Anfang Mai hat die Europäische Kommission die überarbeitete Fassung der EU-Entwaldungsverordnung (EUDR) veröffentlicht. Die neuen Regelungen bringen spürbare Entlastungen für viele Unternehmen und schaffen mehr Klarheit bei der Umsetzung der Anforderungen.

Besonders positiv ist die Unterscheidung zwischen Erst-Inverkehrbringern und nachgelagerten Marktteilnehmern. Nachgelagerte Marktteilnehmer müssen künftig keine eigene Sorgfaltserklärung mehr erstellen. Stattdessen genügt es, die Referenznummer der Sorgfaltserklärung ihres Lieferanten einzuholen und entsprechend zu dokumentieren. Für Erst-Inverkehrbringer bleiben die Anforderungen hingegen unverändert. Sie müssen weiterhin sämtliche Sorgfaltspflichten erfüllen – von der Risikobewertung über die Datenerhebung bis hin zur Bereitstellung von Geolokalisierungsdaten.

Darüber hinaus wurde mit „Kleinstunternehmen und kleinen Primärerzeugern“ eine neue Unternehmenskategorie eingeführt. Unternehmen dieser Gruppe profitieren von vereinfachten Sorgfaltserklärungen und reduzierten Informationspflichten.

Für viele Unternehmen stellen diese Änderungen eine deutliche Erleichterung dar. Gleichzeitig entbinden sie jedoch nicht vollständig von ihren Prüf- und Dokumentationspflichten. In der Praxis werden viele Unternehmen sogar beide Rollen gleichzeitig einnehmen: Während sie bei bestimmten Produkten als nachgelagerter Marktteilnehmer agieren, können sie bei anderen Produkten Erst-Inverkehrbringer sein.
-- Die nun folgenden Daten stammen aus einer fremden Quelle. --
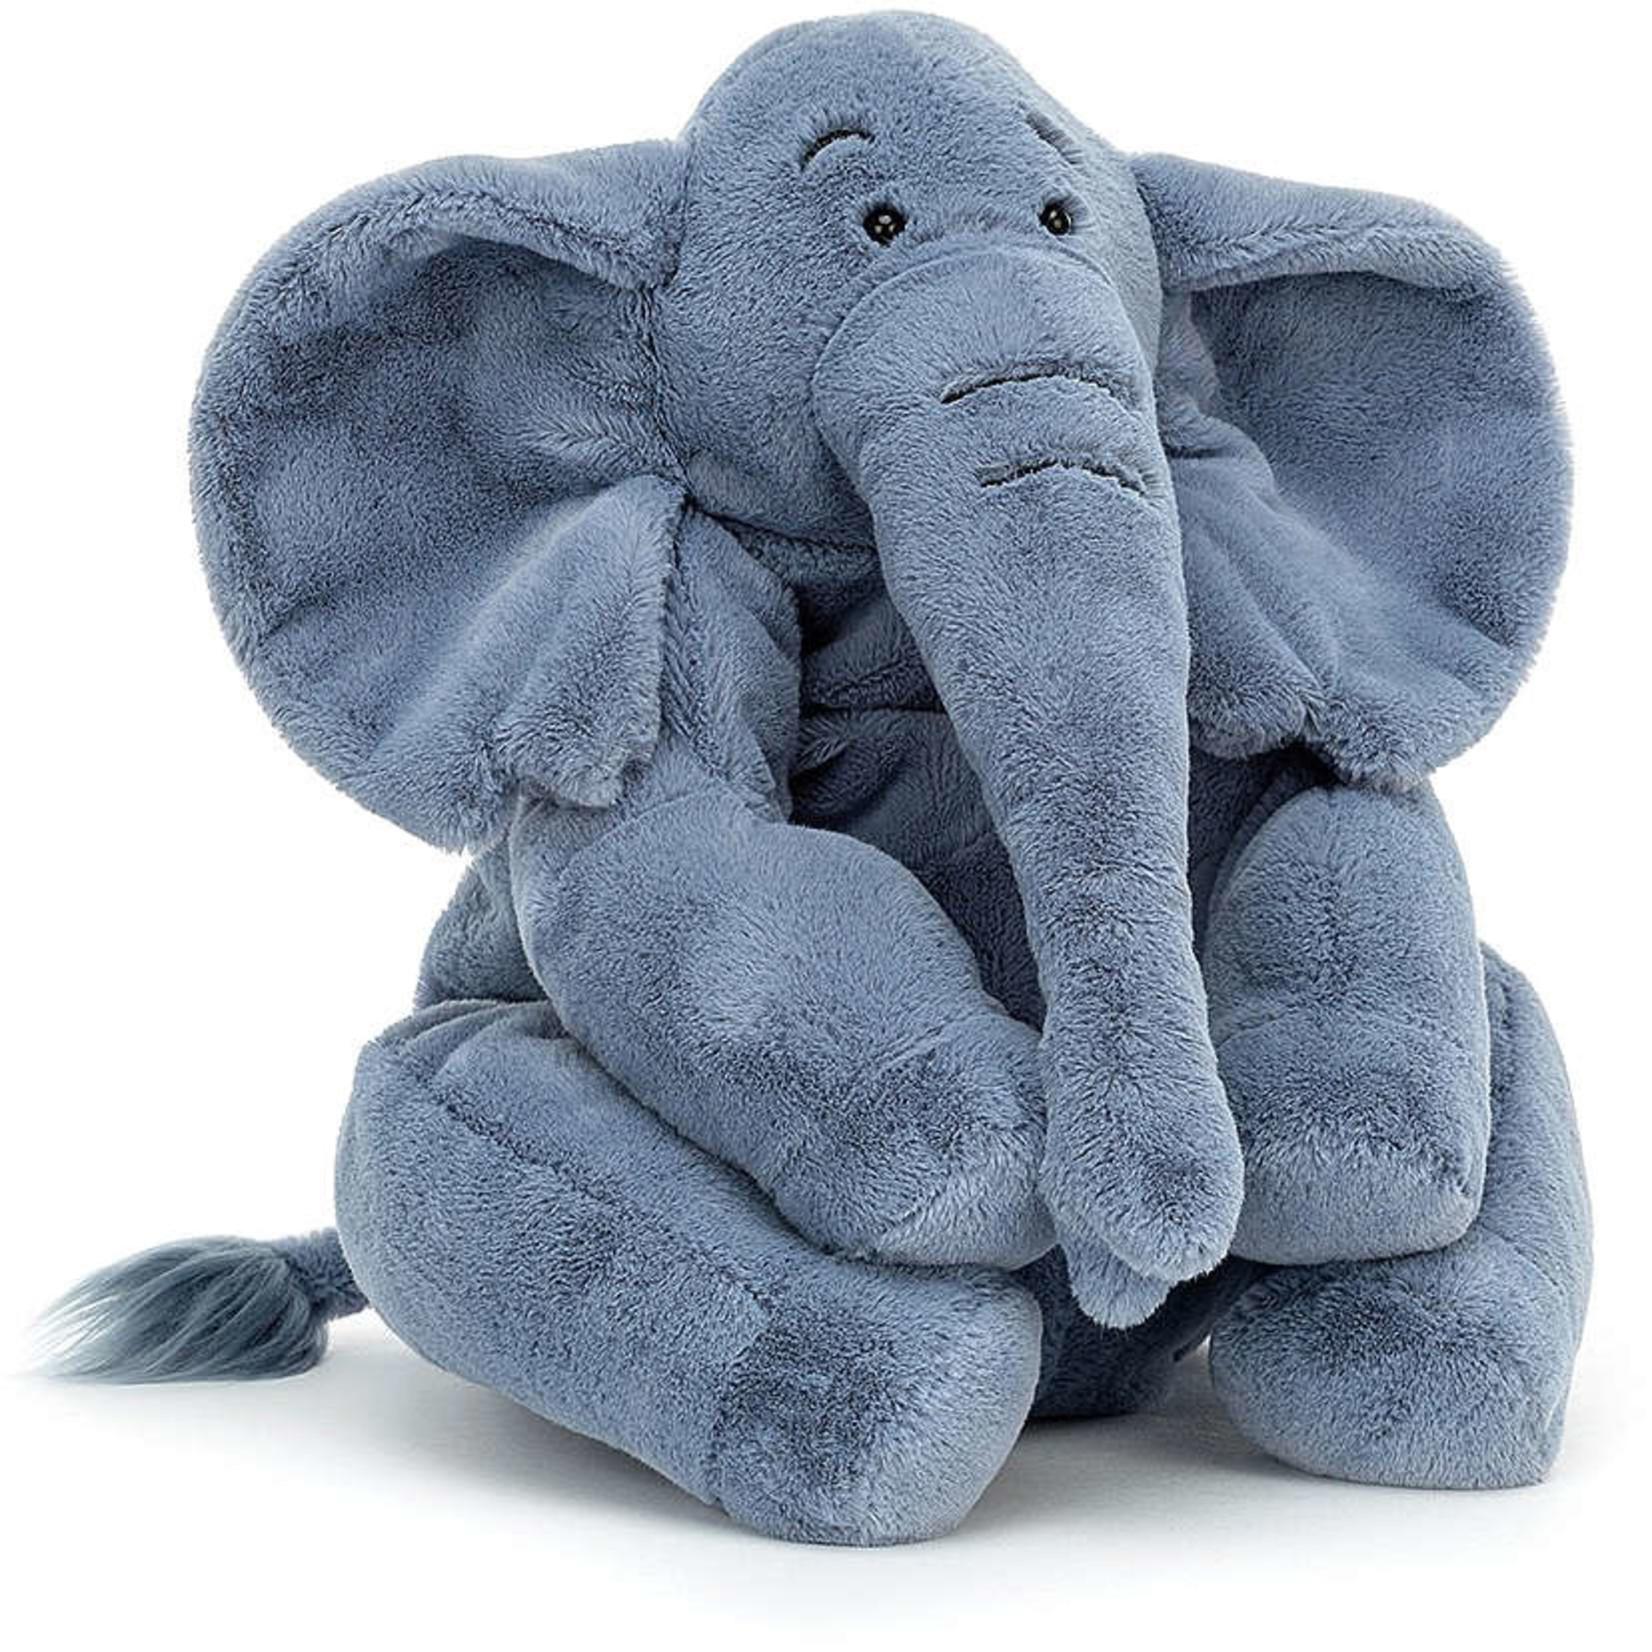 JELLYCAT RUMPLETUM ELEPHANT

Insbesondere bei umfangreichen Produktportfolios ist daher eine sorgfältige Bewertung der jeweiligen Lieferkettenposition unerlässlich.

Die damit verbundenen Datenmengen und Dokumentationsanforderungen machen deutlich, dass eine professionelle Softwareunterstützung zunehmend unverzichtbar wird. Unternehmen benötigen Lösungen, die Prozesse standardisieren, automatisieren und dabei helfen, die vielfältigen Anforderungen der EUDR effizient und rechtskonform umzusetzen.
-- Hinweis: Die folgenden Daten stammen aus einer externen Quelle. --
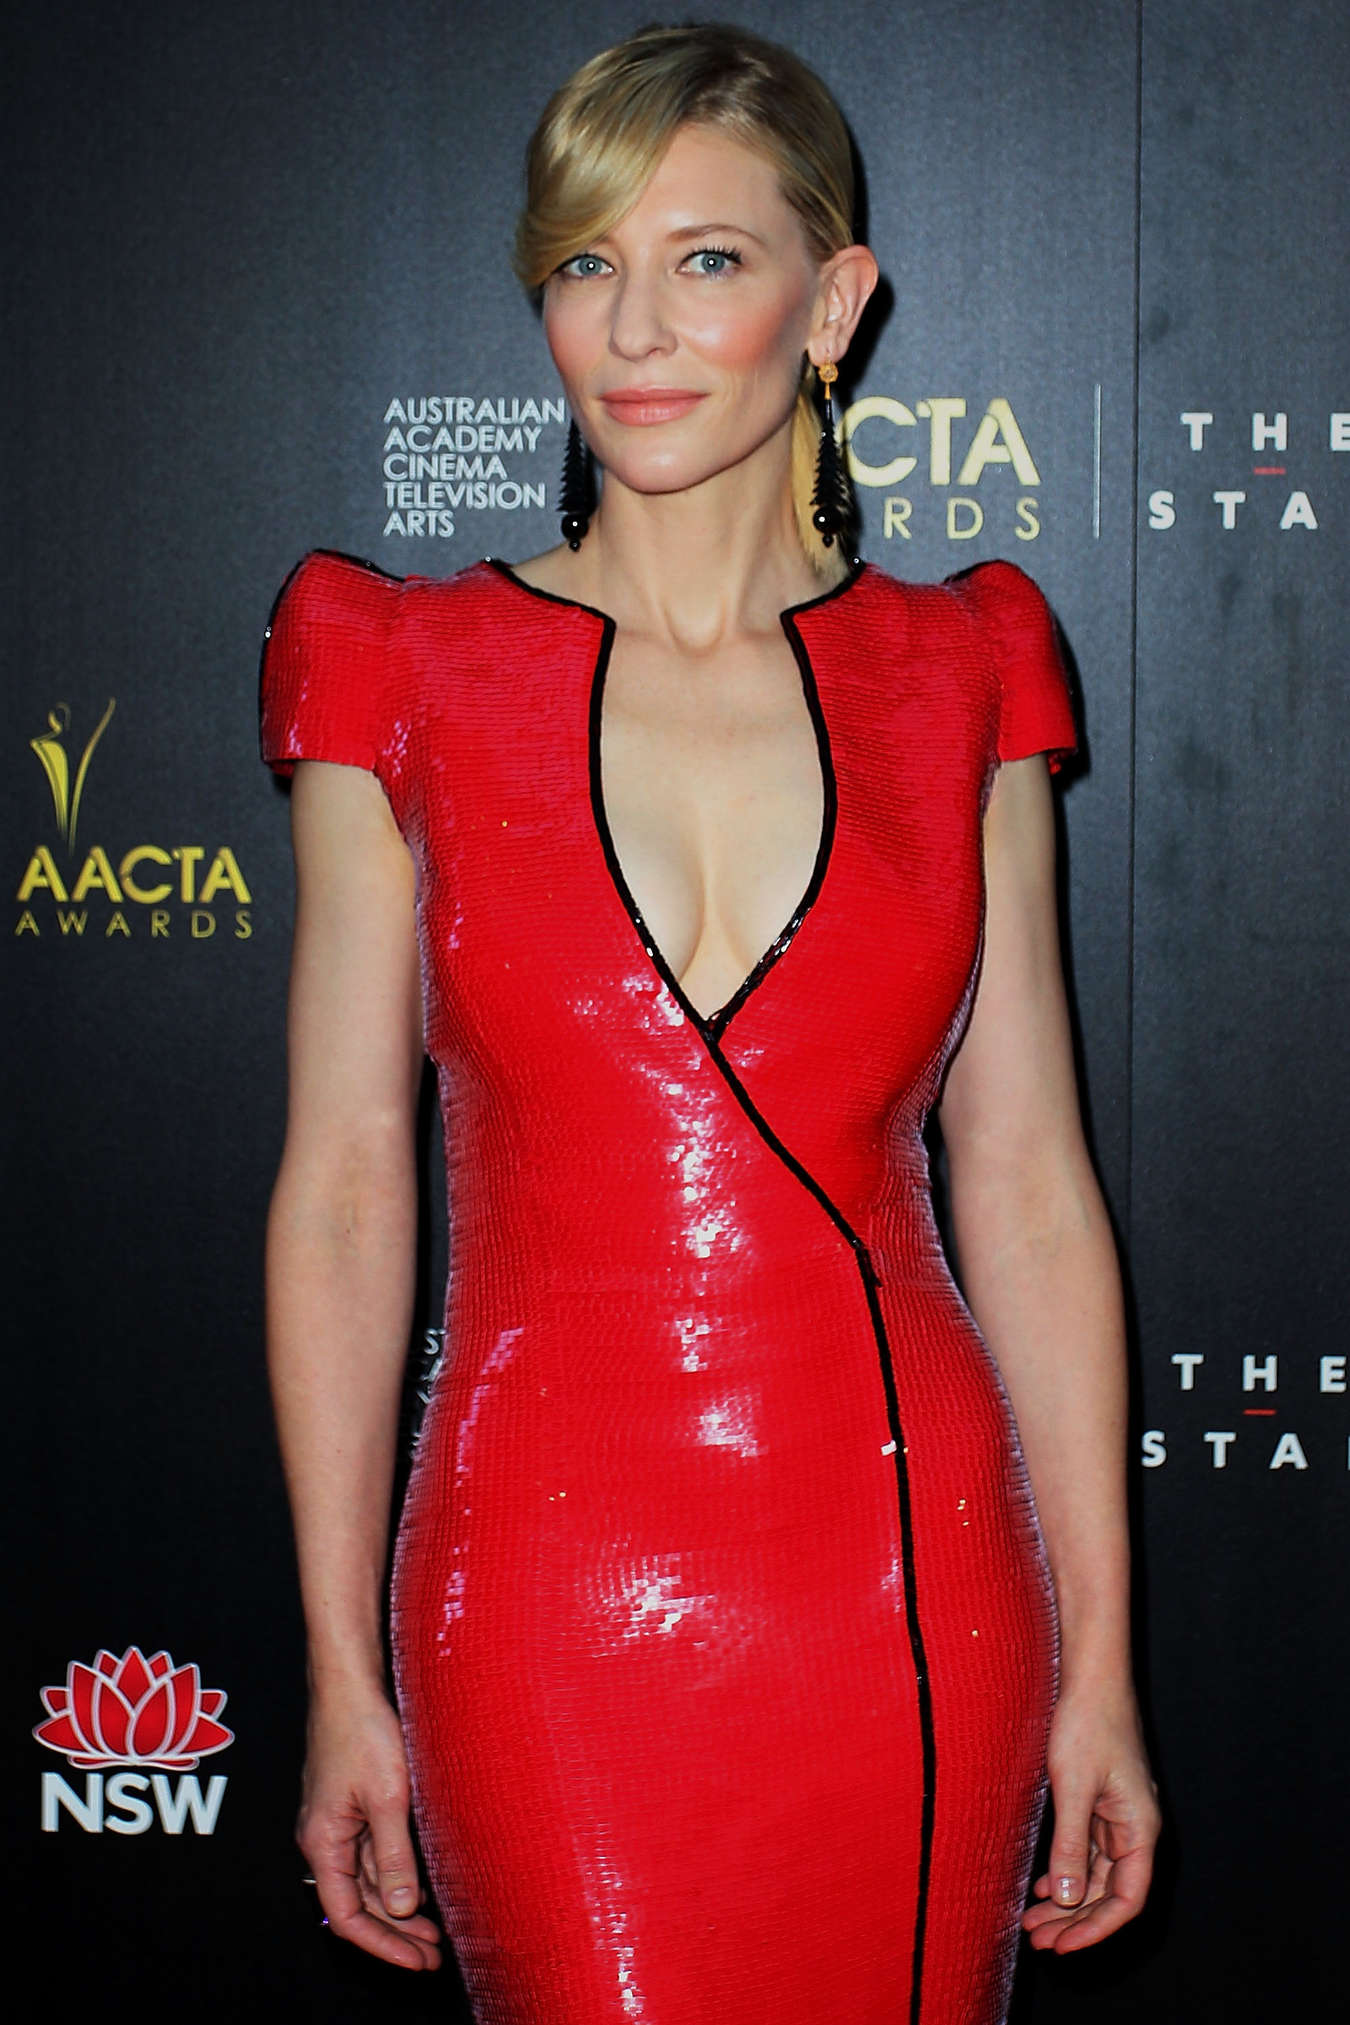 aacta awards - photo #38

Genau hierbei unterstützt das EUDR-Modul unserer Softwarelösung DataCross. Das Modul identifiziert automatisch, welche Produkte von der EUDR betroffen sind und welche nicht. Gleichzeitig können alle für die Sorgfaltserklärung erforderlichen Informationen standardisiert und automatisiert bei Lieferanten angefragt werden.

DataCross berücksichtigt dabei sämtliche relevanten Unternehmensrollen – vom Erst-Inverkehrbringer über den nachgelagerten Marktteilnehmer bis hin zu Kleinstunternehmen und kleinen Primärerzeugern – und weist automatisch die jeweils zutreffende Rolle aus. Darüber hinaus ermöglicht eine direkte Schnittstelle zum EU-Informationssystem die Übermittlung von Sorgfaltserklärungen.

Der gesamte Prozess wird dabei lückenlos dokumentiert – von der ersten Lieferantenanfrage bis zur erfolgreichen Einreichung der Sorgfaltserklärung.

So schaffen Unternehmen nicht nur Transparenz und Rechtssicherheit, sondern reduzieren gleichzeitig den administrativen Aufwand bei der Umsetzung der EUDR erheblich.